Trump Again Attacks Sessions, This Time for FISA Investigation

President Donald Trump again attacked beleaguered Attorney General Jeff Sessions on Wednesday, this time for not ordering the Justice Department to investigate the agency’s use of the Foreign Intelligence Surveillance Act in its Russia probe.
Sessions instead has asked the department’s inspector general to investigate the matter, Trump said. The Office of the Inspector General said it’s aware of a referral from the Justice Department and declined further comment.“Why is A.G. Jeff Sessions asking the Inspector General to investigate potentially massive FISA abuse?” the U.S. president wrote in a tweet that was also critical of the IG,Michael Horowitz. “Will take forever, has no prosecutorial power and already late with reports on Comey etc. Isn’t the I.G. an Obama guy? Why not use Justice Department lawyers? DISGRACEFUL!”
Horowitz is investigating the FBI and Justice Department’s handling of an investigation into former Secretary of State Hillary Clinton’s email arrangements.
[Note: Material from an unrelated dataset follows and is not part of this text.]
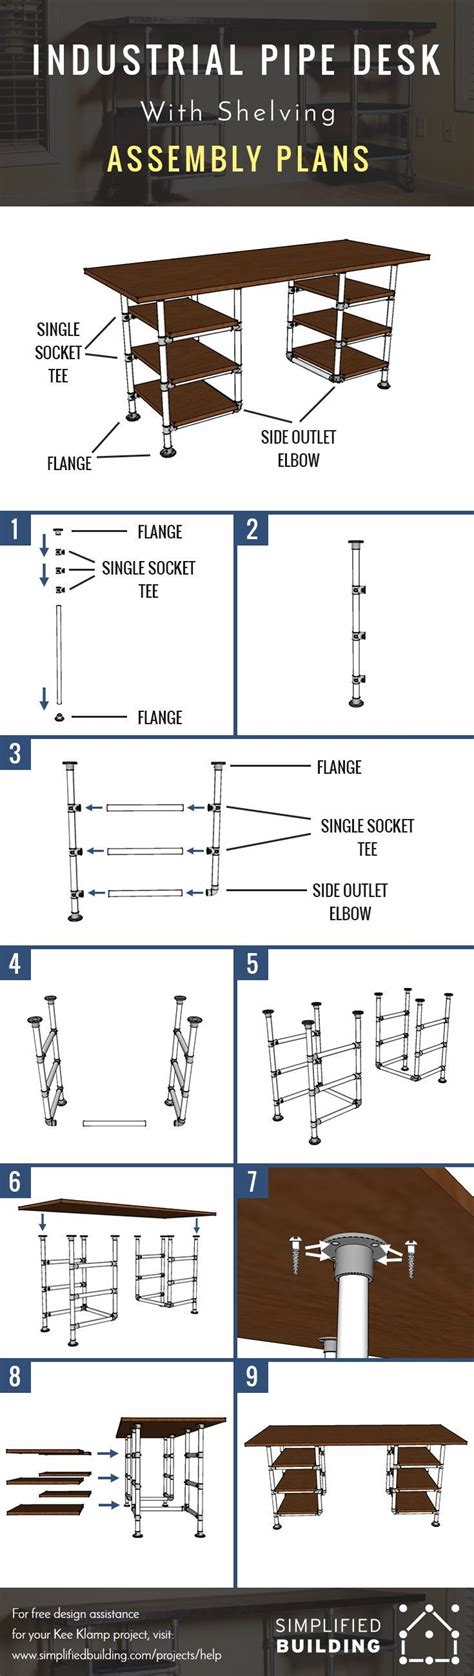 diy pipe desk plans best 25 pipe desk ideas on pinterest industrial desk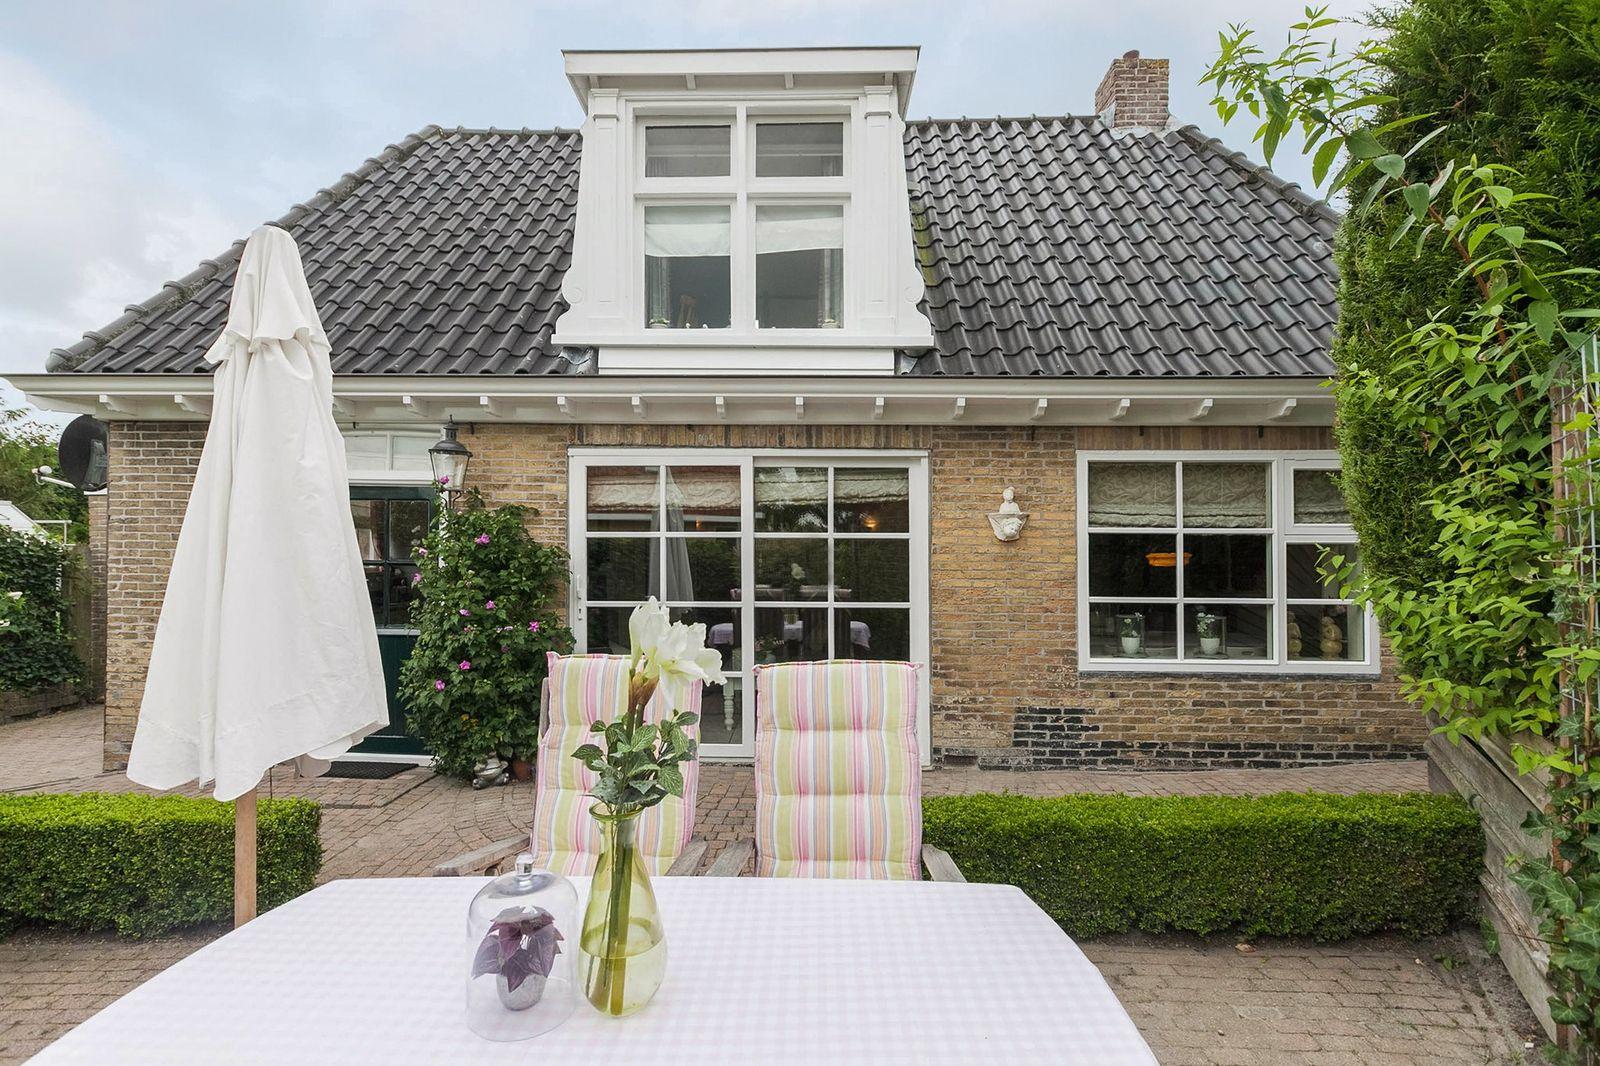 Oostend 26, Witmarsum

Trump fired FBI director James Comey last year in part, he said, because of that investigation.

‘Fair, Fact Centric’

The Republican chairman of the House Oversight Committee, Trey Gowdy, who regularly clashed with the Obama administration and Clinton, defended Horowitz as an impartial investigator.
“I have had a number of interactions with Inspector General Horowitz, including as recently as earlier this month,” Gowdy said in a statement. “He has been fair, fact centric, and appropriately confidential with his work.”
“He was confirmed by the U.S. Senate without a single dissent,” Gowdy said. “I have complete confidence in him and hope he is given the time, the resources and the independence to complete his work.”
The Justice Department declined to comment on Trump’s tweet, spokesman Ian Prior said in an email. The Office of Inspector General says on its website that it’s “a statutorily created independent entity whose mission is to detect and deter waste, fraud, abuse, and misconduct in DOJ programs and personnel, and to promote economy and efficiency in those programs.”
Sessions told reporters on Tuesday that the inspector general would look into Republican claims that FISA standards were abused in the early stages of the FBI investigation into Trump campaign associates and ties to Russians. Trump’s decision to weigh in adds new fuel to concerns about presidential interference that could undermine the Justice Department’s independence.
“The inspector general will take that as one of the matters they’ll deal with,” Sessions said on Tuesday, concluding that it is “just the appropriate thing.”
Republican members of the House Intelligence Committee, led by Chairman Devin Nunes, have alleged that the FBI and Justice Department were biased against Trump in their handling of the probe into Russia’s interference in the 2016 presidential campaign. A memo that the Republican lawmakers released on Feb. 2 asserts that officials relied primarily on an unverified dossier prepared by former British spy Christopher Steele to obtain a surveillance warrant on Carter Page, a foreign policy adviser on Trump’s campaign. The dossier was largely funded by Clinton’s campaign and Democrats.
Democratic members of the House Intelligence Committee, led by their top-ranking member, Adam Schiff, disputed the claims in their own memo, released in redacted form on Saturday.
Democrats say the Steele dossier wasn’t part of the FBI’s decision to open its counterintelligence investigation, which began in July 2016, well before the bureau received the dossier in September of that the year. While the dossier was cited in the FBI’s initial FISA warrant application in October 2016, the bureau “cited multiple sources to support the case for surveilling Page” and made only “narrow use” of information from Steele’s sources, according to the Democratic memo.
Page had been on the FBI’s radar for many years and a Russian intelligence officer targeted him for recruitment, according to the Democratic memo. The Page warrant was also renewed three times -- in January 2017, April 2017 and June 2017 -- which requires evidence that the surveillance was bearing fruit.